Lately, software supply chains find themselves in a very interesting and uncomfortable position—the industry spotlight—and not in a good way. While significant and costly breaches such as SolarWinds or Kaseya make front-page news, supply chain attack tactics (e.g. typosquatting or dependency confusion) that target package managers such as npm, PyPI or WinGet can poison downstream applications or compromise developer credentials.
The software engineering community has been steadily increasing its use of third-party and open source solutions to help create new offerings. In fact, over the last five years, there has been a 259% increase in the use of open source.
One reason for this is the simple fact that creating new applications takes time and can strain budgets that are already tight. With open source code, software engineers gain fast access to pre-existing code that’s already demonstrated a proven ability to address the very unique challenge they are looking to solve. By removing the need to reinvent the wheel, the development timeframe is accelerated, the costs are lowered and teams are freed to focus on the creation of new and unique features that the customers demand.
At this point, turning to third-party code may seem like a no-brainer. However, it can also open the door to potential risks. This is especially true with engineers who, rather than checking software to ensure it is secure and compliant, take the providers’ assurances as gospel.
They are not alone.
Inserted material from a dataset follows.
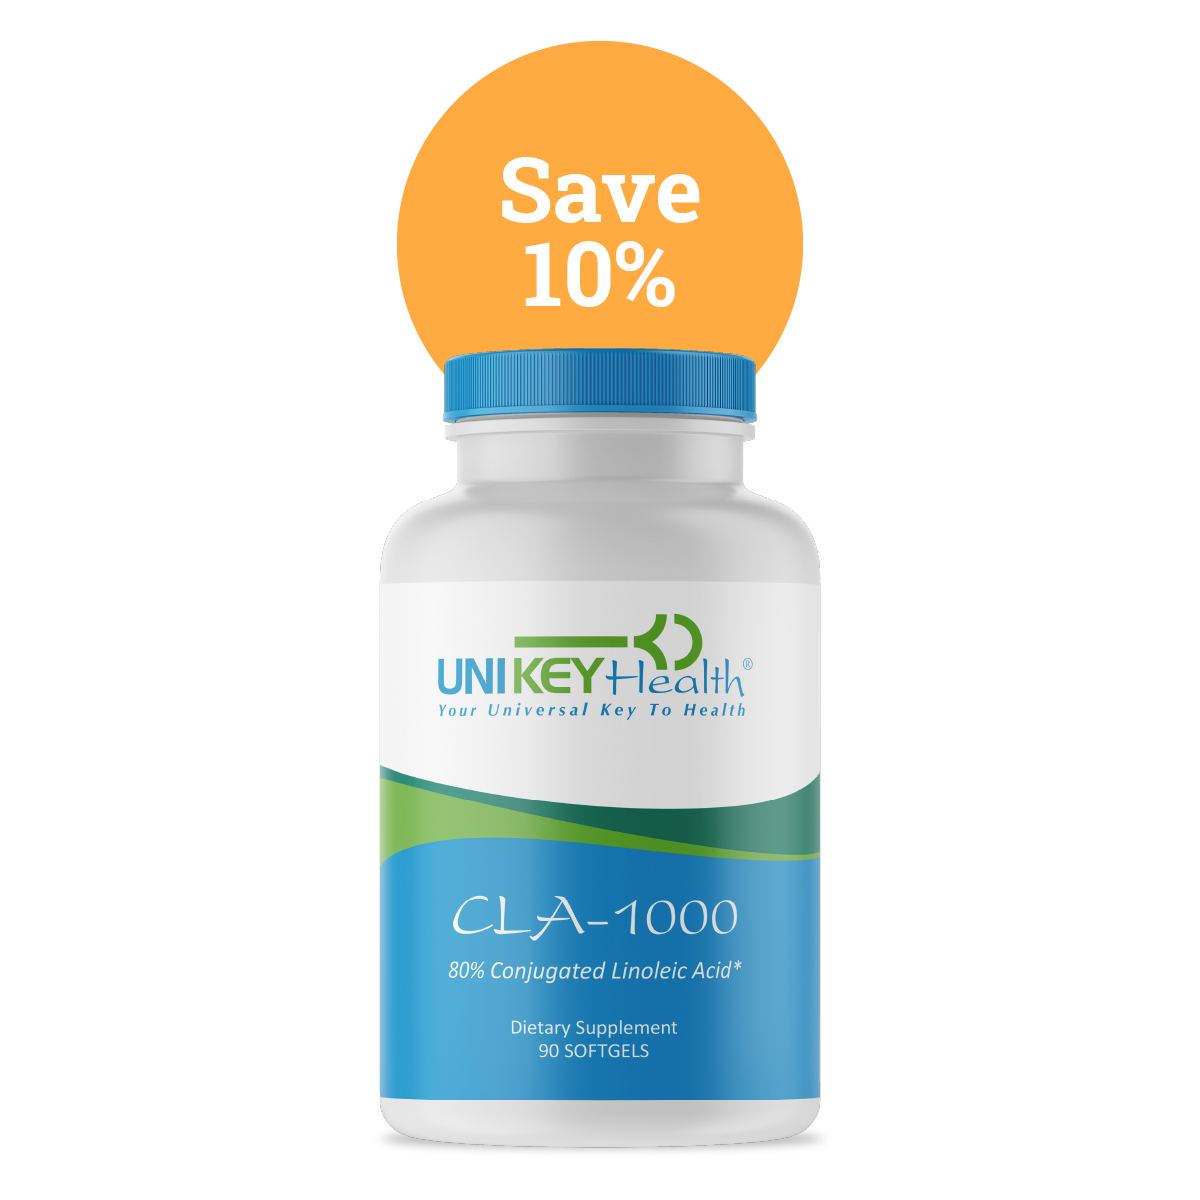 Buy 1 CLA-1000 to save 10%

Other groups will try to conduct their initial due diligence at the onset if that’s possible. Soon after they then ease into a “set it and forget it” approach, where they fail to update the code over time. As a result, while the code may appear secure initially, vulnerabilities can emerge over time, and if the software is not continually updated, bad actors can leverage an unprotected window of opportunity. In fact, according to Enterprise Security Group’s “Modern Application Development Security” eBook, 48% of organizations regularly push vulnerable code. The same research also found that 60 percent of organizations have had production application vulnerabilities exploited.
Organizations conduct static application security testing (SAST) and dynamic application security testing (DAST) to assess pre-production code vulnerabilities. They will also scan with AV before releasing software, examine signing certificates, and code quality. Yet, despite these efforts, they remain challenged by gaps in security processes and the ability to sufficiently inspect large, complex and multi-layered software packages. What’s missing is the ability to conduct in-depth analysis to pinpoint behavioral differences between compiled software versions.
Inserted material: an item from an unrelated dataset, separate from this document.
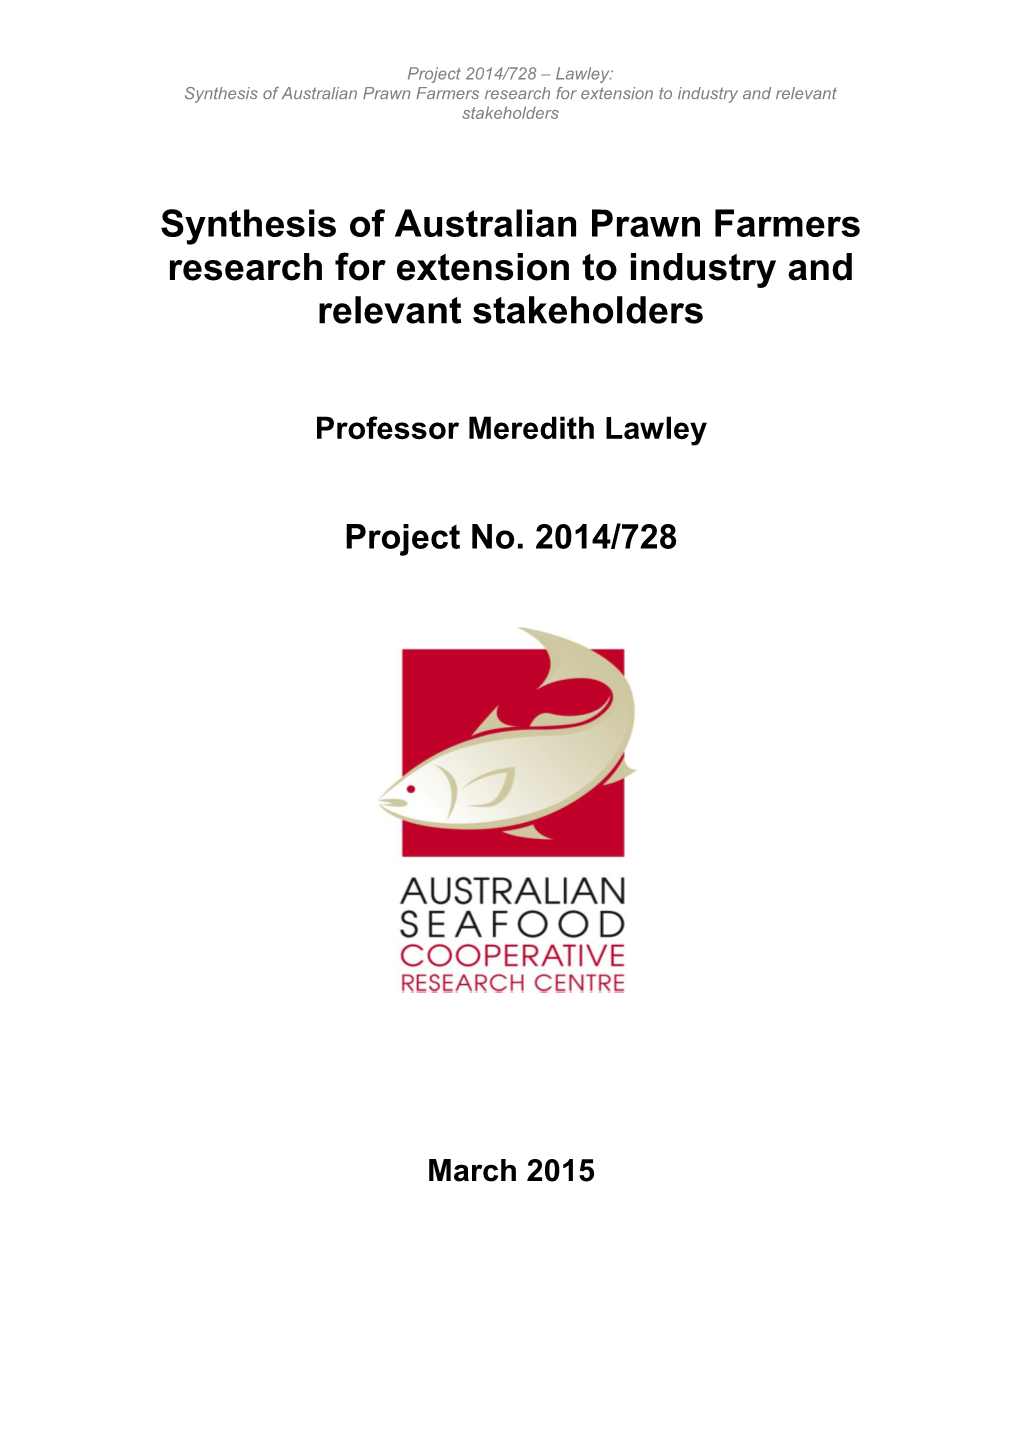 Synthesis of Australian Prawn Farmers Research for Extension to Industry Andrelevant

Malicious tampering can often involve changing how the software interacts with the system on which it is deployed. Differential behavior analysis highlighted below makes it easier to detect those unusual changes. For example, having an application suddenly add a pre-install script that downloads files via certutil is highly unusual. If the addition was planned, reasons for the change would be well documented and it would be associated with a significant new feature. For this type of change to happen in any other scenario is suspicious and deserves further investigation before the software is released. In this case, such action would have caught ua-parser-js developer’s account compromise.
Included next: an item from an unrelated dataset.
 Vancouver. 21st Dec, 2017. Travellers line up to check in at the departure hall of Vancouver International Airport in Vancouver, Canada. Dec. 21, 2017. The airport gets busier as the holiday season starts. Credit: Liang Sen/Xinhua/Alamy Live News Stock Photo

With the software supply chain at risk and with shared code the new normal, what’s needed is software assurance.
Software assurance allows teams to inspect every application layer within an installation package for the presence of software tampering, malware and other indicators of software supply chain attacks.
Begin the software assurance process with the deep inspection step through recursive package decomposition. The resulting software bill of materials (SBOM) becomes so much more than a build manifest (a list of components that should be in the final build). It becomes the means to determine exactly which components have unacceptable build quality or those that contain unwanted software behaviors. This enables developers to verify the code they are working with and take appropriate action to protect their customers and partners from the majority of software risks. These assessments include:
- Software grading: The software package and every included component can be graded based on the types and severity of security issues found. Using a grading system makes it easy for software buyers to gauge the level of risk posed by a software package and determine whether additional deployment measures can be taken to mitigate those risks. For developers, component grading makes it easier to prioritize their remediation efforts and aids in the selection of higher-quality third-party components.
- Application hardening: Activating specific build or compiler options can mitigate vulnerabilities and protect applications against attack—but only if they are implemented correctly. Assessing whether these mitigations are correctly implemented ensures that these protection mechanisms will work as expected.
- Binary behavior analysis: This allows teams to fully understand how each software component interacts with the system on which it will run. The ability to understand third-party component behaviors, even when developers have no access to the source code, delivers a more comprehensive understanding of supply chain risks. Checking for unusual software behaviors or unexpected behavioral changes between one version and the next is often the only way to identify software tampering by a malicious actor. The ability to have this final check before distribution enables software developers to validate that the software being released is trustworthy.
For companies that are using software to create business value or producing software that is mission-critical for their customers, turning a blind eye or making software assurance assumptions can no longer be tolerated. In today’s climate where increasingly sophisticated threats loom, inspecting software and monitoring updates for signs of tampering, malicious or unwanted additions is essential and must become a part of standard software development practice.